Exercise goal: Give the lines below again, exactly as they stand, and leave out the images.

Raw data:
━━━━━━━━━━━━━━━━━━━━━━━━━━━━━━

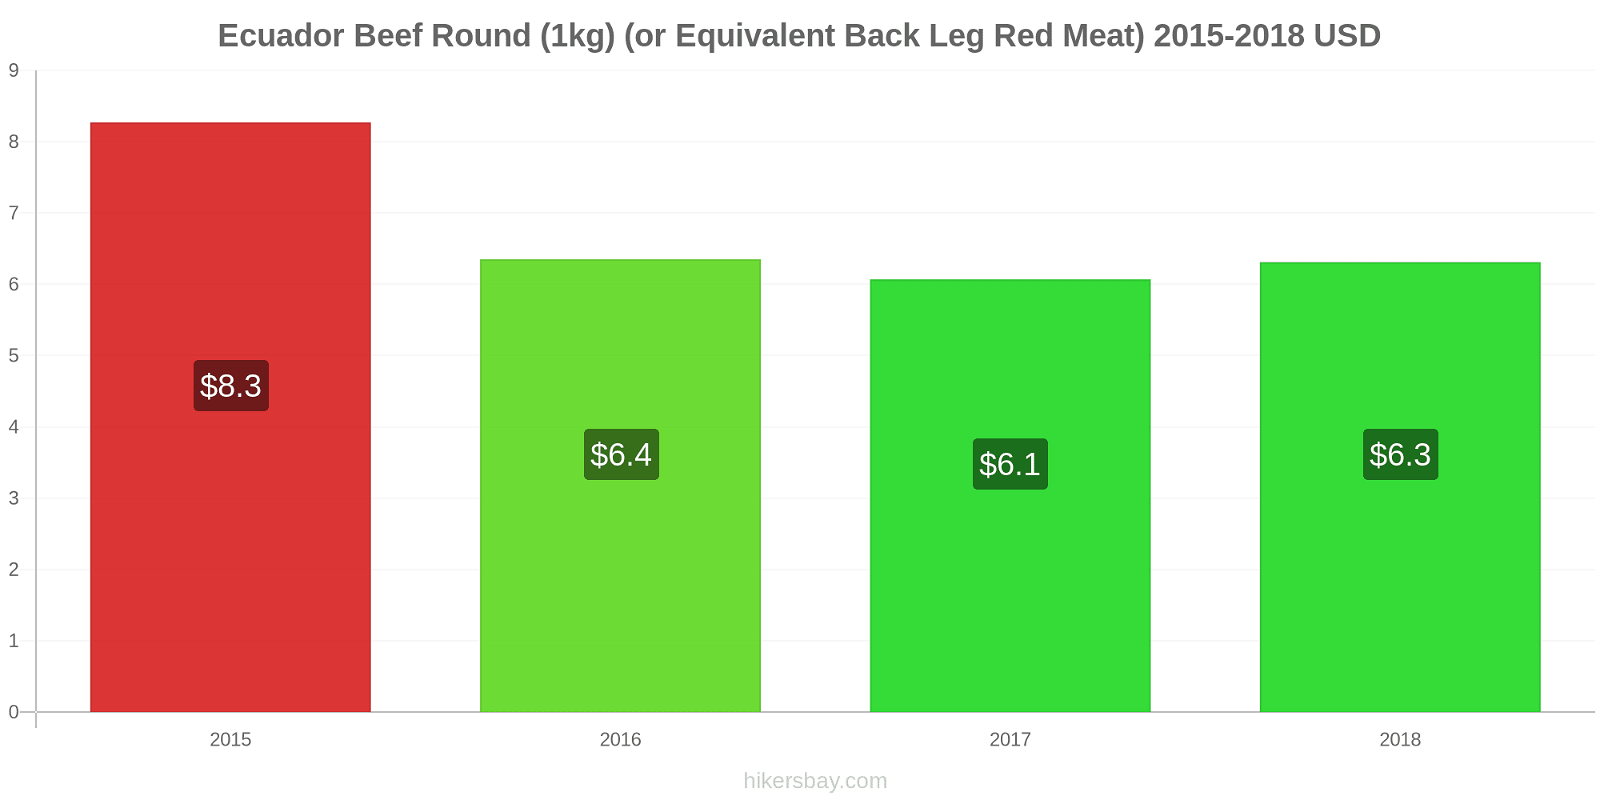 Ecuador price changes Beef (1kg) (or similar red meat) hikersbay.com
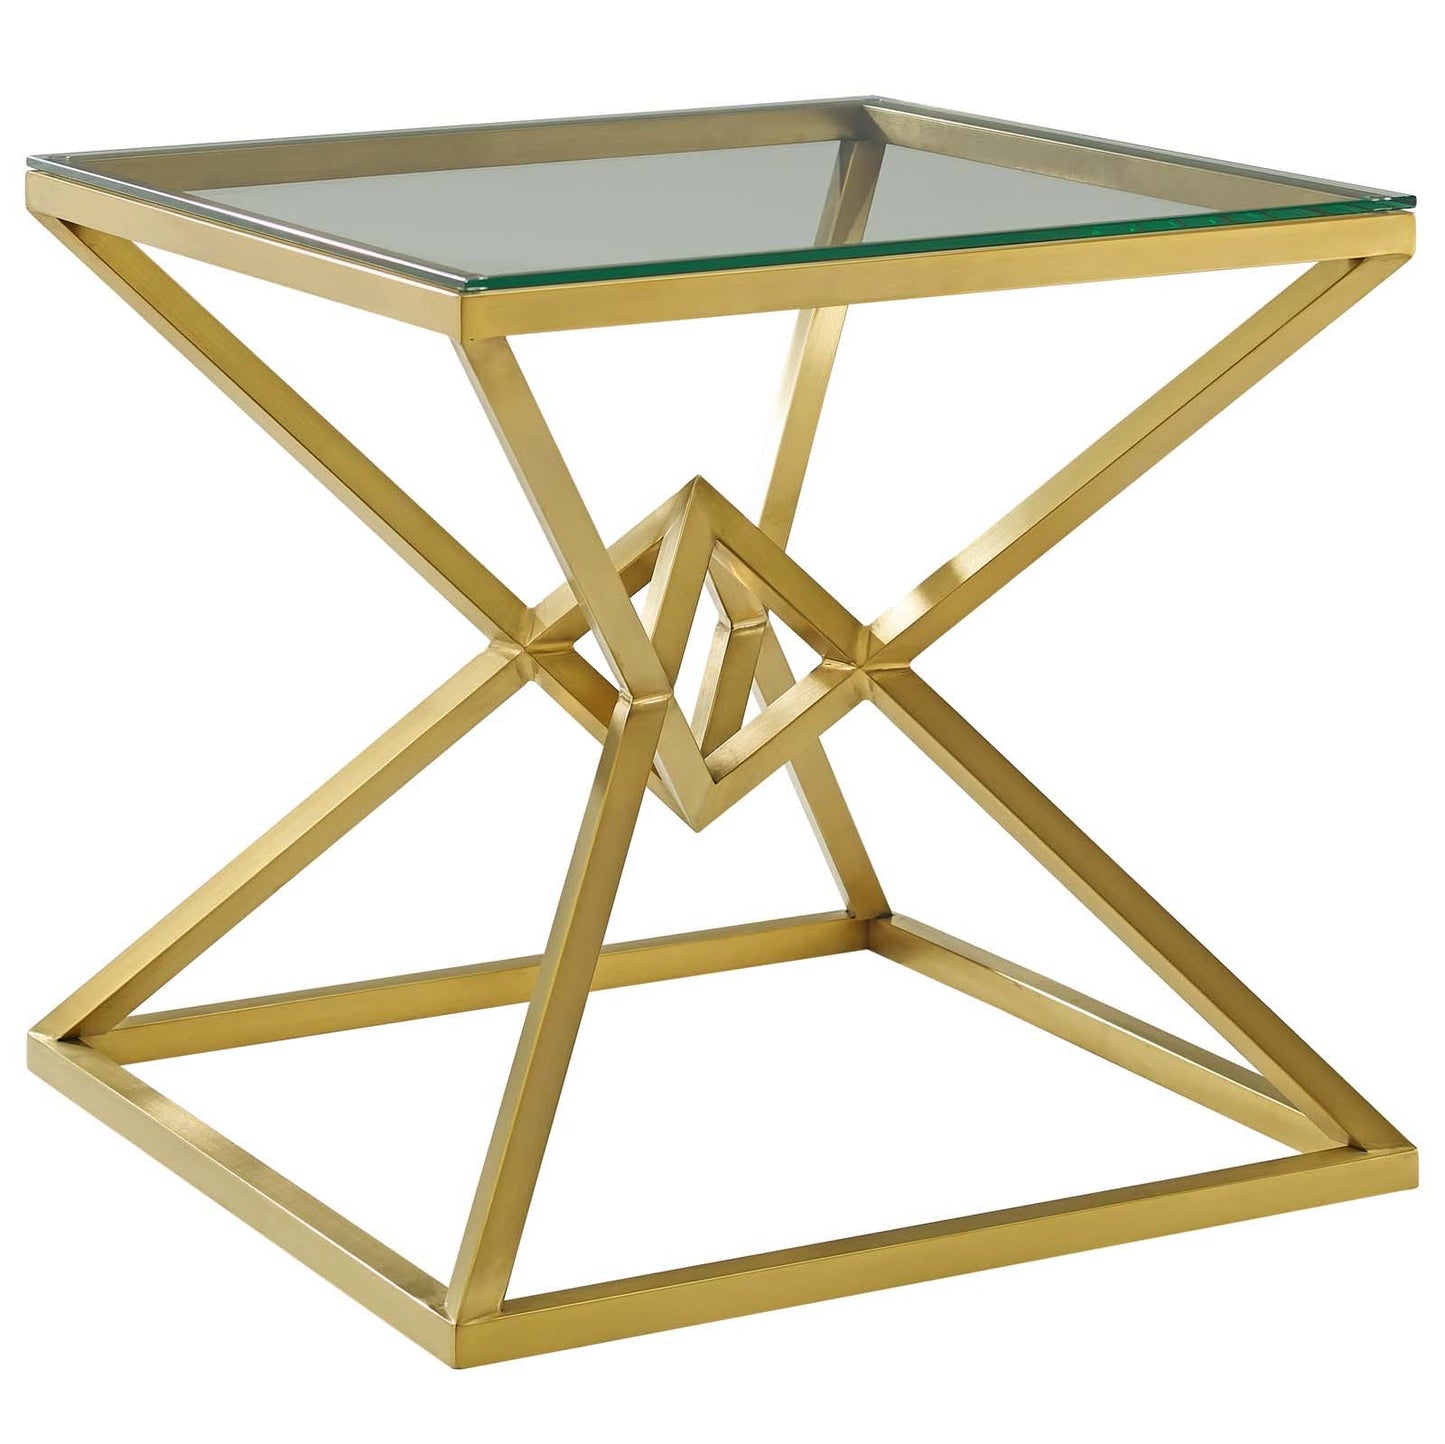 GOLD METAL DIAMOND FRAME GLASS TABLE TOP SIDE TABLE
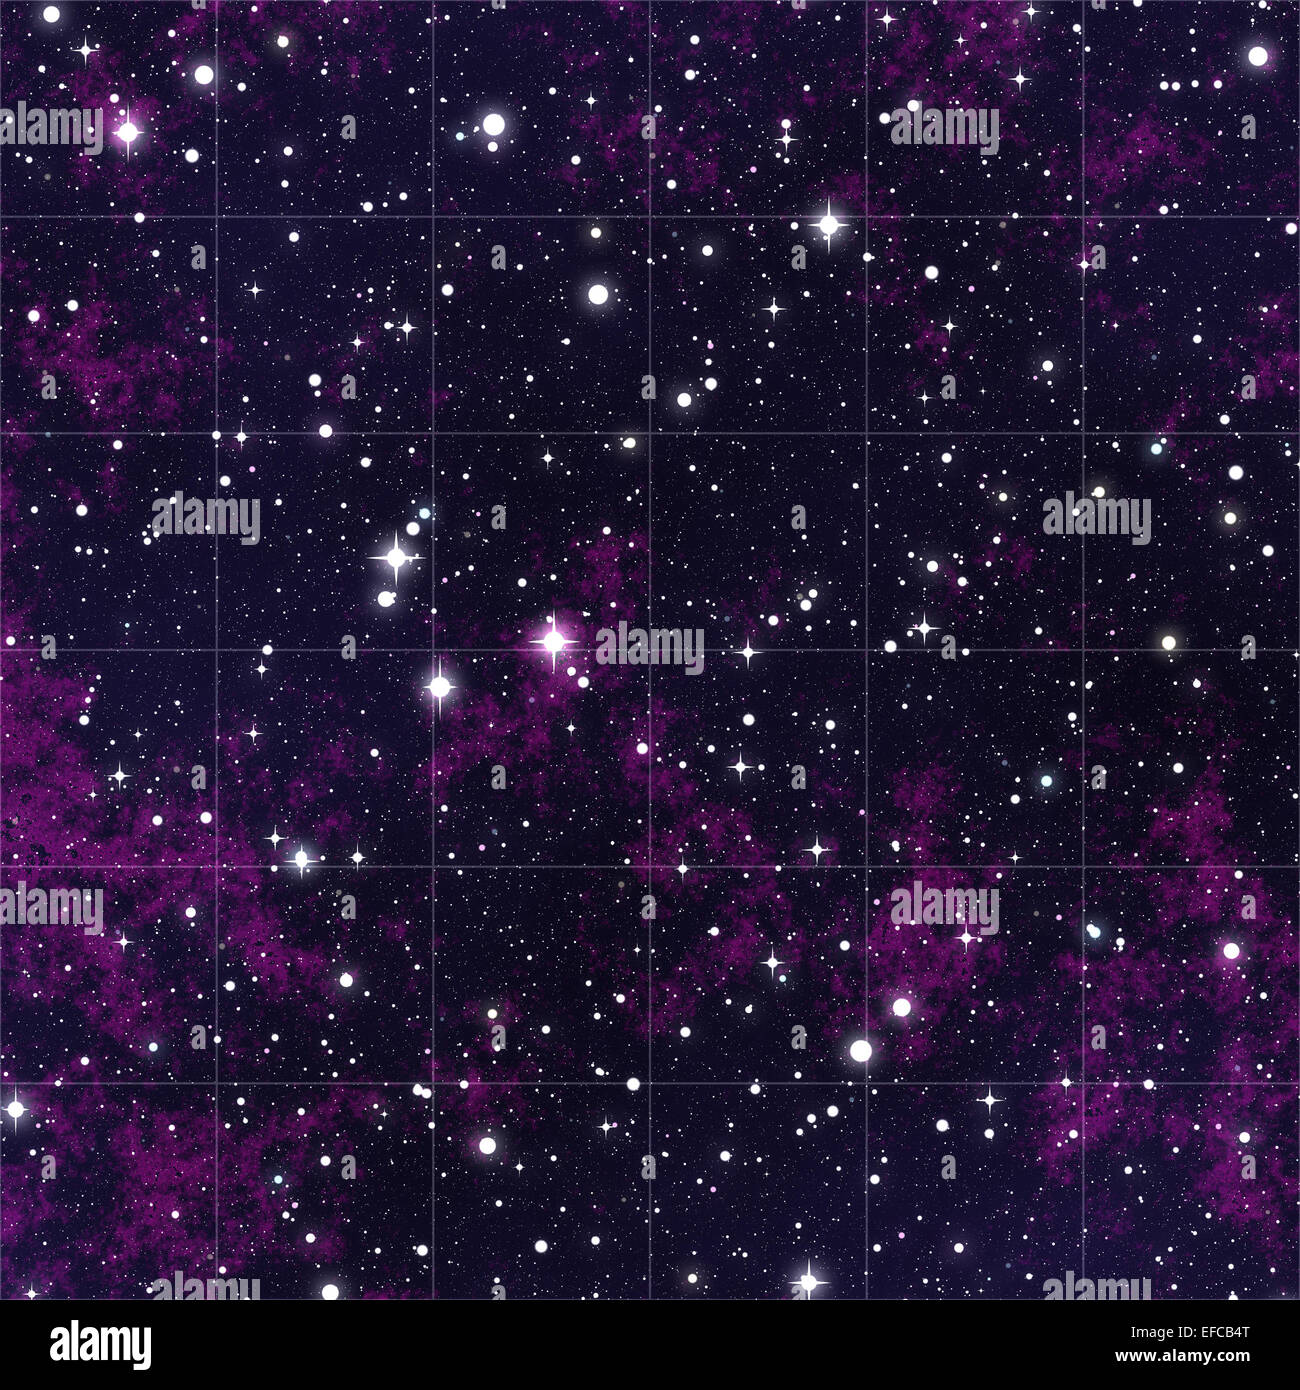 Millions of stars seen in the purple night sky Stock Photo
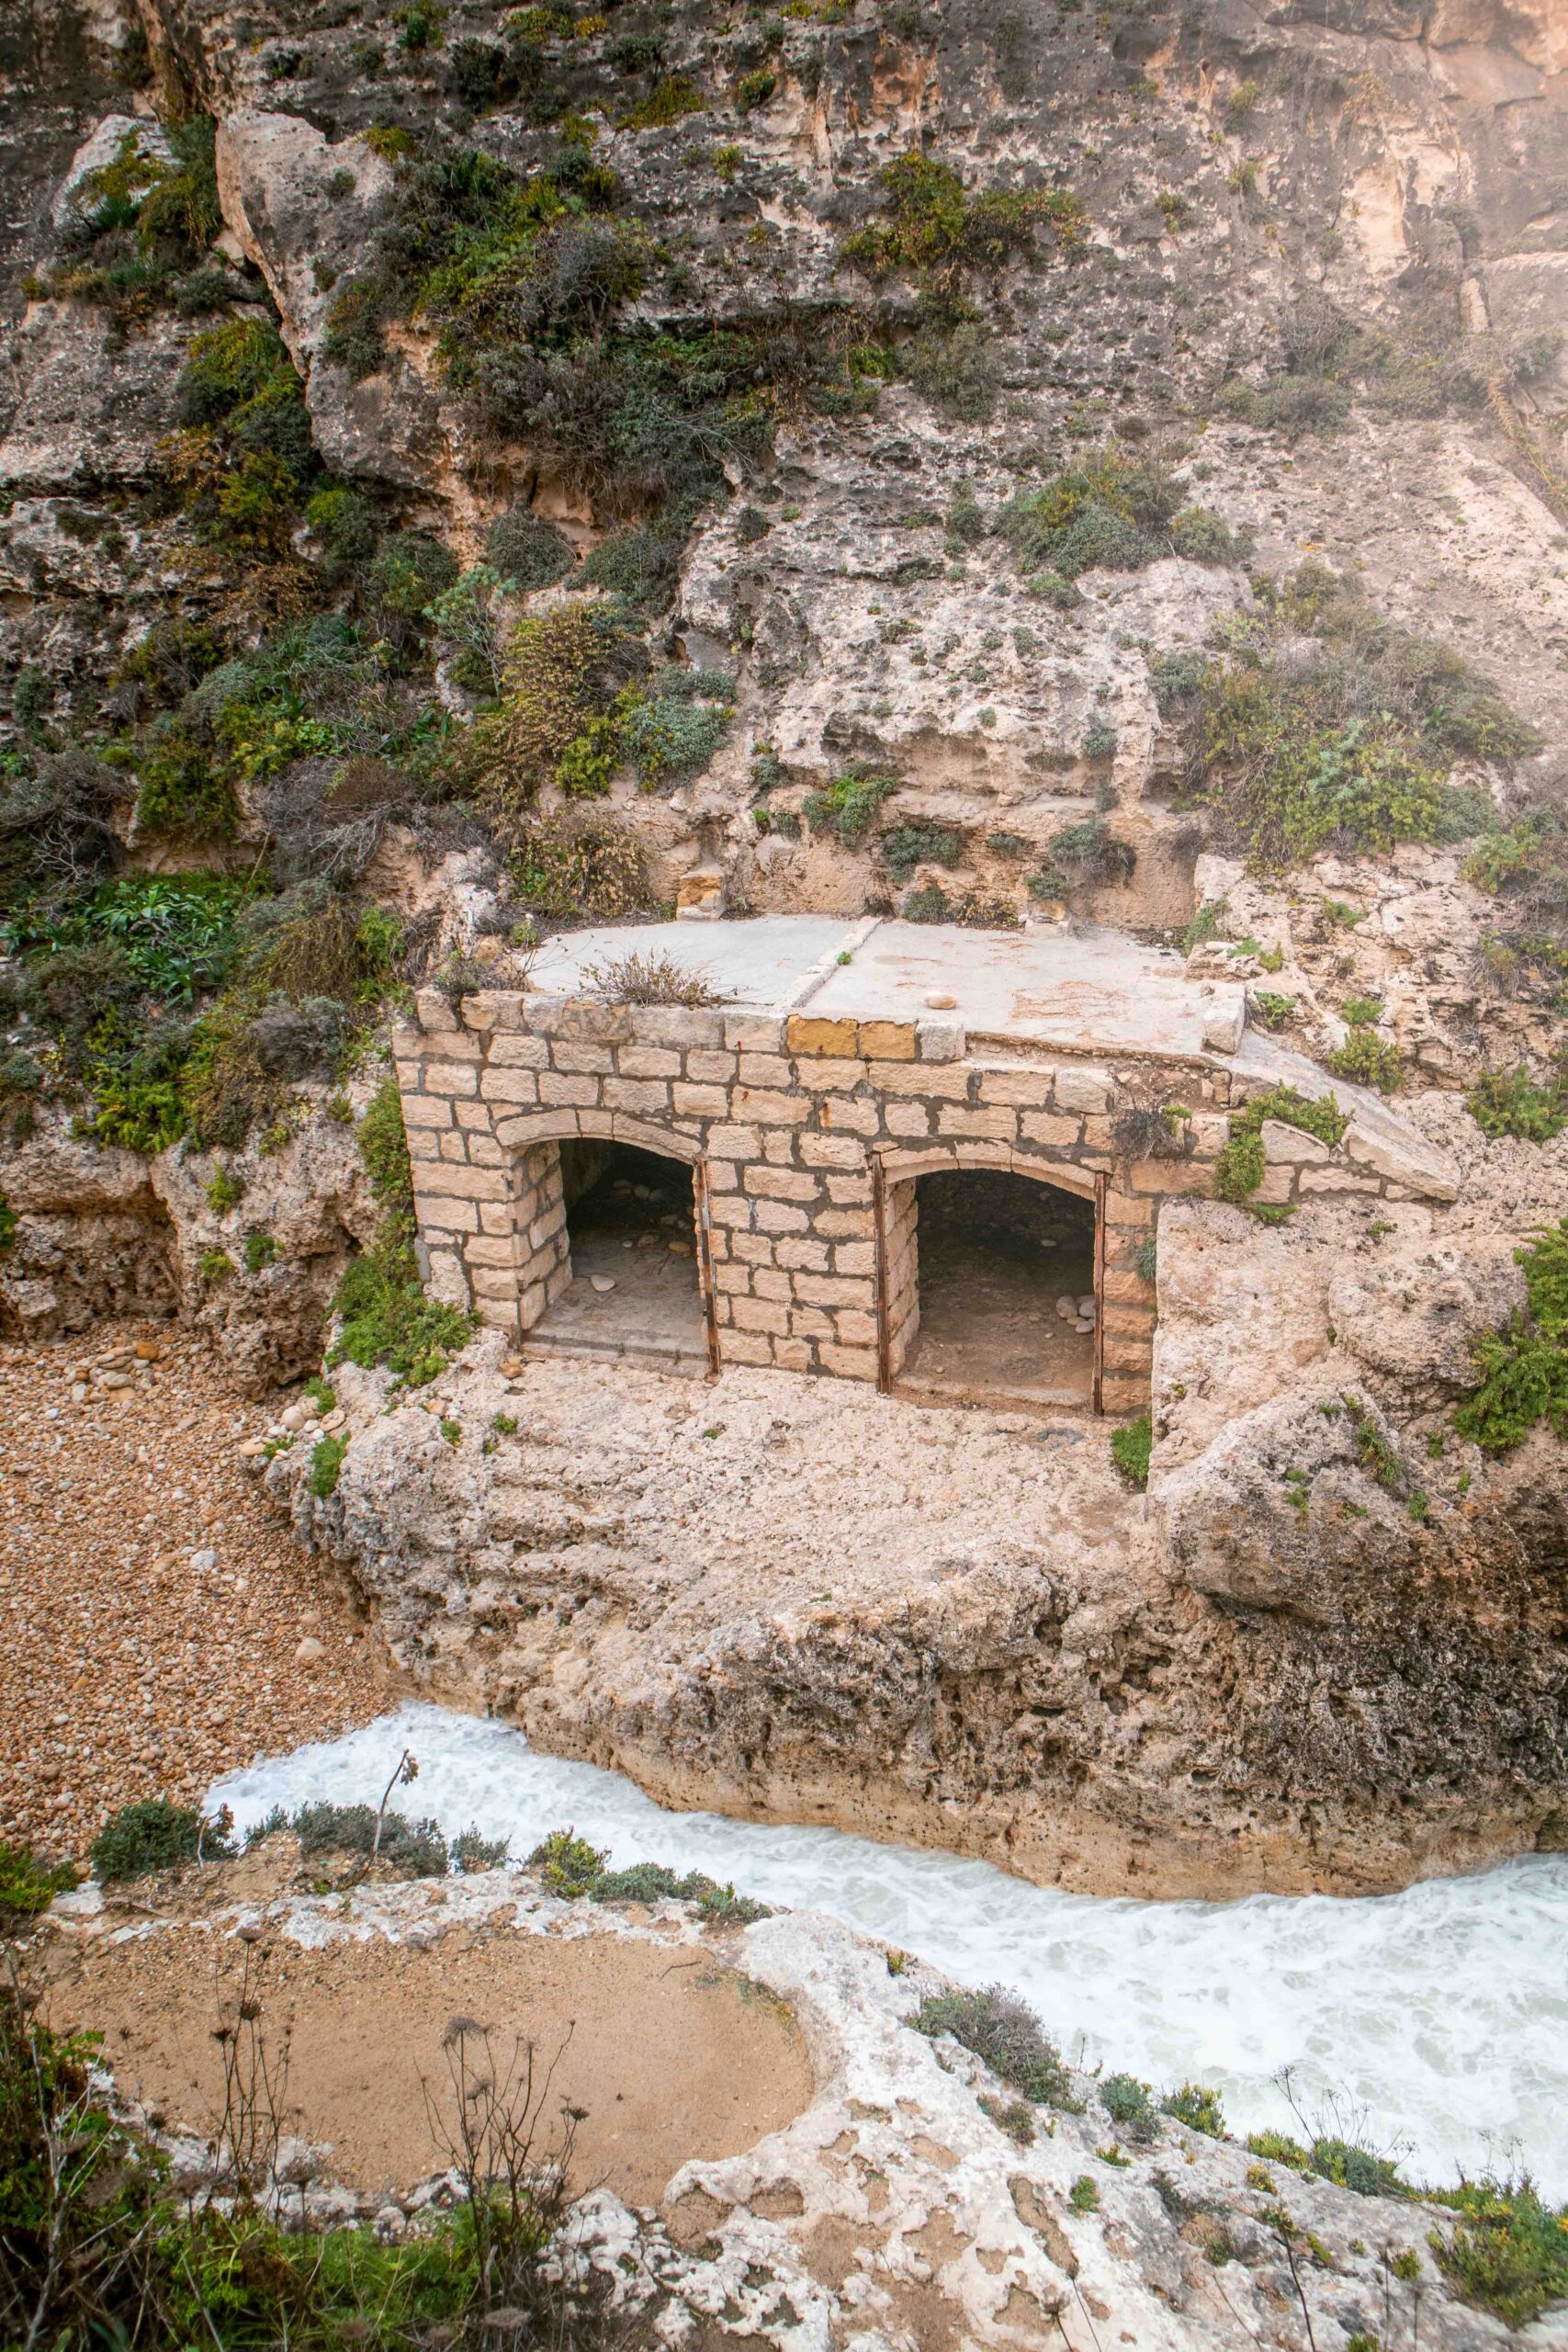 Small pebble beach and stone shelter of Wied Il-Għasri gorge on Gozo island, Malta

━━━━━━━━━━━━━━━━━━━━━━━━━━━━━━

Reply to the task:
 Ecuador price changes Beef (1kg) (or similar red meat) hikersbay.com
 GOLD METAL DIAMOND FRAME GLASS TABLE TOP SIDE TABLE
 Millions of stars seen in the purple night sky Stock Photo
 Small pebble beach and stone shelter of Wied Il-Għasri gorge on Gozo island, Malta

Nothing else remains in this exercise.